The Digital Earth Pacific Programme to provide real-time understanding on issues of coastline changes, the impact climate change and wave energy
Pacific Countries are committed to the development of a new Digital Earth Pacific Programme that will allow the use of global satellite systems to better understand the changes to our environment and countries in the Pacific.
The Pacific Community (SPC) convened the first interim steering committee meeting with Tonga, the Republic of the Marshall Islands, Vanuatu and Fiji.
The Digital Earth Pacific Programme will now hold region-wide consultations with Pacific countries to determine the needs, gaps and benefits of using remote data to develop informed knowledge products that will support better decision-making for and alongside countries.
The system condenses years of freely available data sets to provide real-time understanding on issues such as how disasters have changes coastlines, the impact climate change and wave energy is having on our countries and to combine weather outlooks for farmers and countries.
Deputy Chief Secretary Catalino Kijiner of RMI said the country is “fully committed to this programme”.
“We know that it’s going to help RMI make sound decisions in the management of our small natural resources and provide additional information on things like biodiversity to ensure we have sustainable food security systems and other additional information to determine the impact of climate change on our country,” he said at the interim steering committee held this week.
Director-General of SPC, Dr Stuart Minchin explained the development and use of products as part of Digital Earth Pacific will provide significant economic benefits to the Pacific.
“The technology is there, the data exists and is ready for us to use.
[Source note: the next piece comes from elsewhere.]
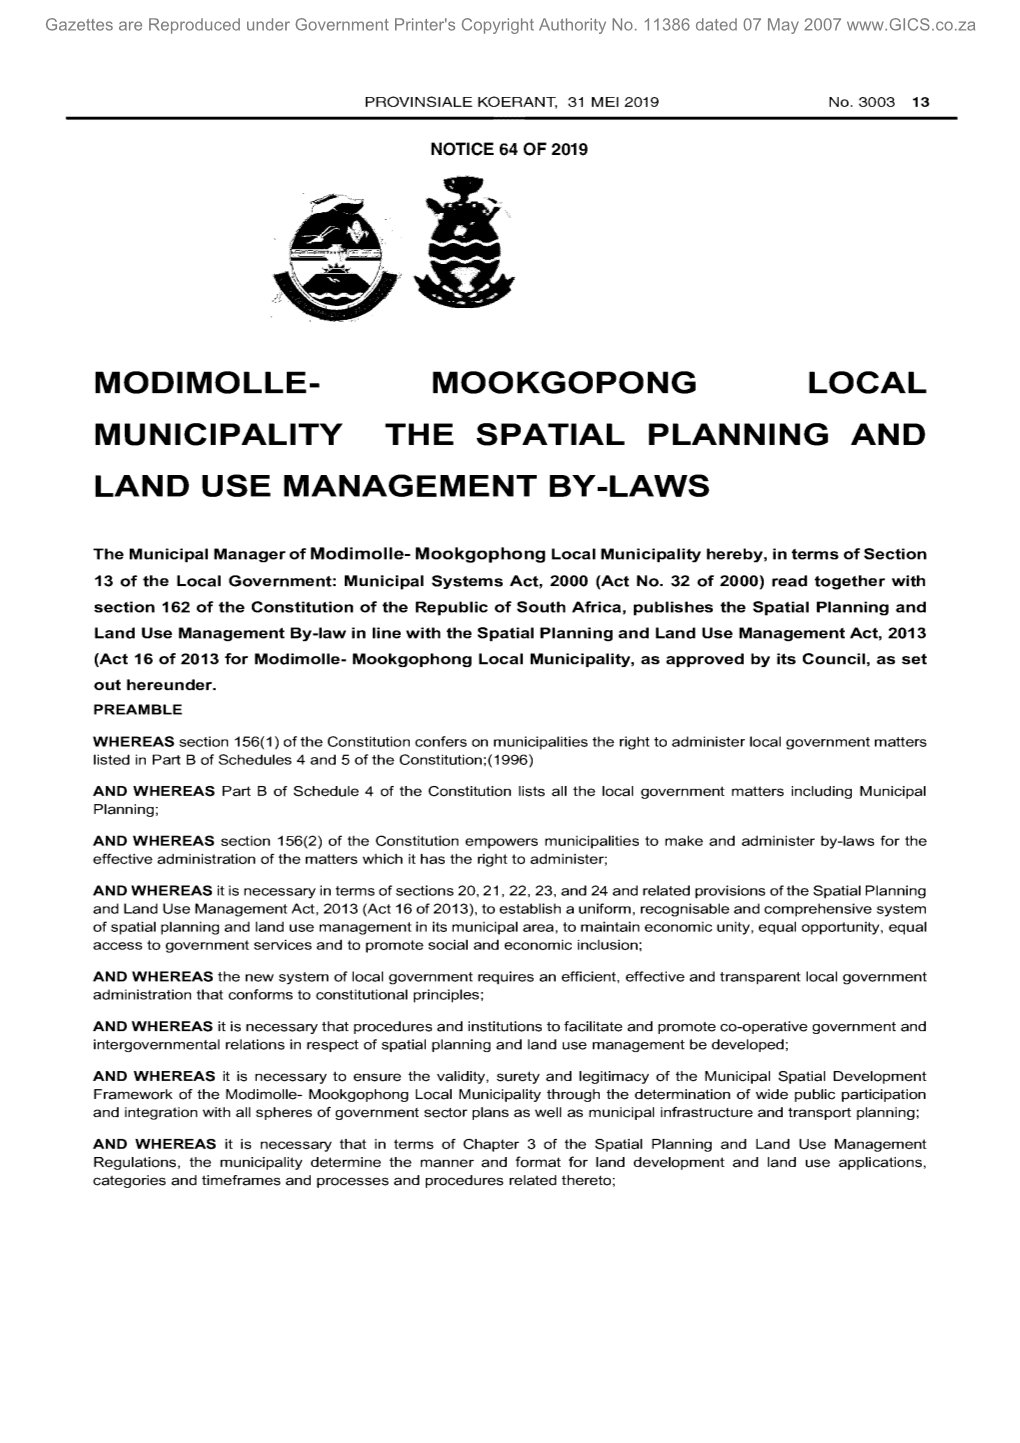 Mookgopong Local Municipality the Spatial Planning and Land Use Management By-Laws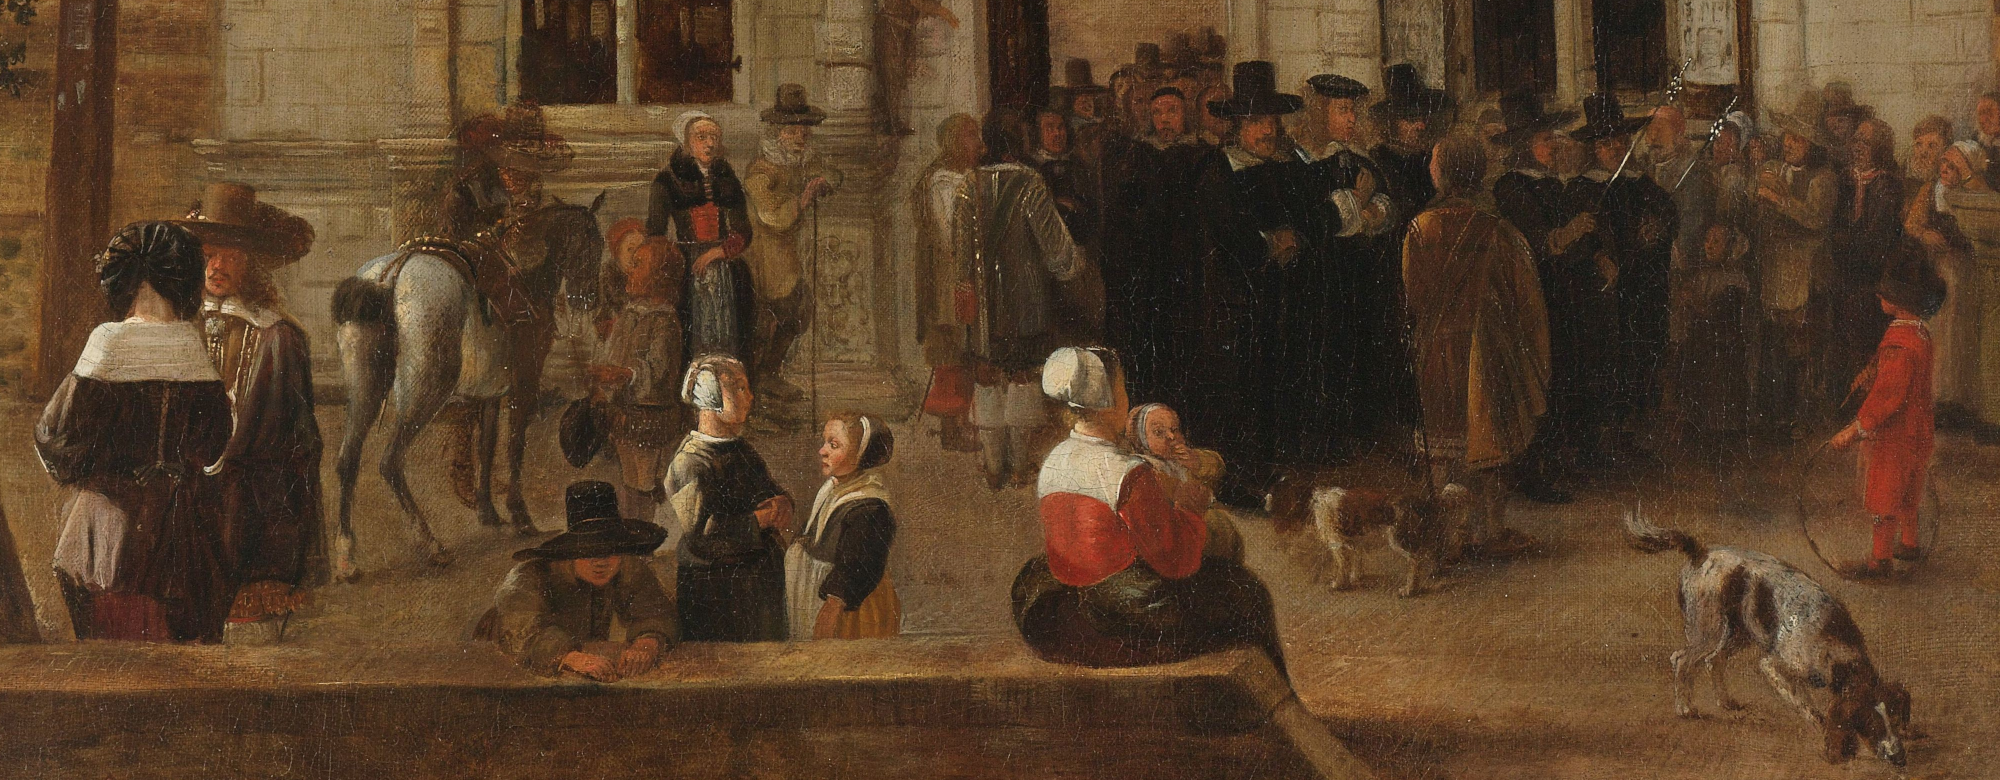 The Conferring of a Degree at the University of Leiden about 1650 by Hendrick van der Burch (cropped)

Digital Earth Pacific will become an operational public good that will routinely generate products on a regular basis whenever a satellite flies over which will make it reliable and robust and countries will be able to access the information the same way weather reports are accessed on our phones, any day of the week”.
Dr Minchin said this is a huge opportunity for the Pacific in developing a fundamental digital infrastructure that will ensure every nation in the Pacific has access to these tools and technologies to routinely monitor and track challenges such as coastal inundation, coral bleaching events and other ocean related products that provide informed and robust data.
The Interim Steering Committee co-chair Rosamond Bing, Chief Executive Officer of Tonga’s Ministry of Lands and Natural Resources welcomes the development of Digital Earth Pacific.
She said “Tonga is committed to this and the Digital Earth Pacific consultations are a really good opportunity for us to look at some of the practical approaches to existing activities being led by the country”.
The interim steering committee was co-chaired by SPC and Tonga alongside Fiji, Vanuatu, and the Republic of the Marshall Islands. The committed adopted the Terms of Reference of Digital Earth Pacific and agreed to national consultation workshops to be held in the coming weeks. The committee also provided consensus on becoming a Community Activity under the Group on Earth Observations (GEO).
The interim steering committee is made up of specialists in the Earth Observation field including teams from GEO, Geoscience Australia, SPC, NASA, NOAA and USP.
Digital Earth Pacific is supported in partnership with the Australian Government and the US National Ocean and Atmospheric Administration. A needs analysis will be developed by June 2021 and pilot user studies implemented by December 2021.
This story was published at SPC on 21 May 2021, reposted via PACNEWS.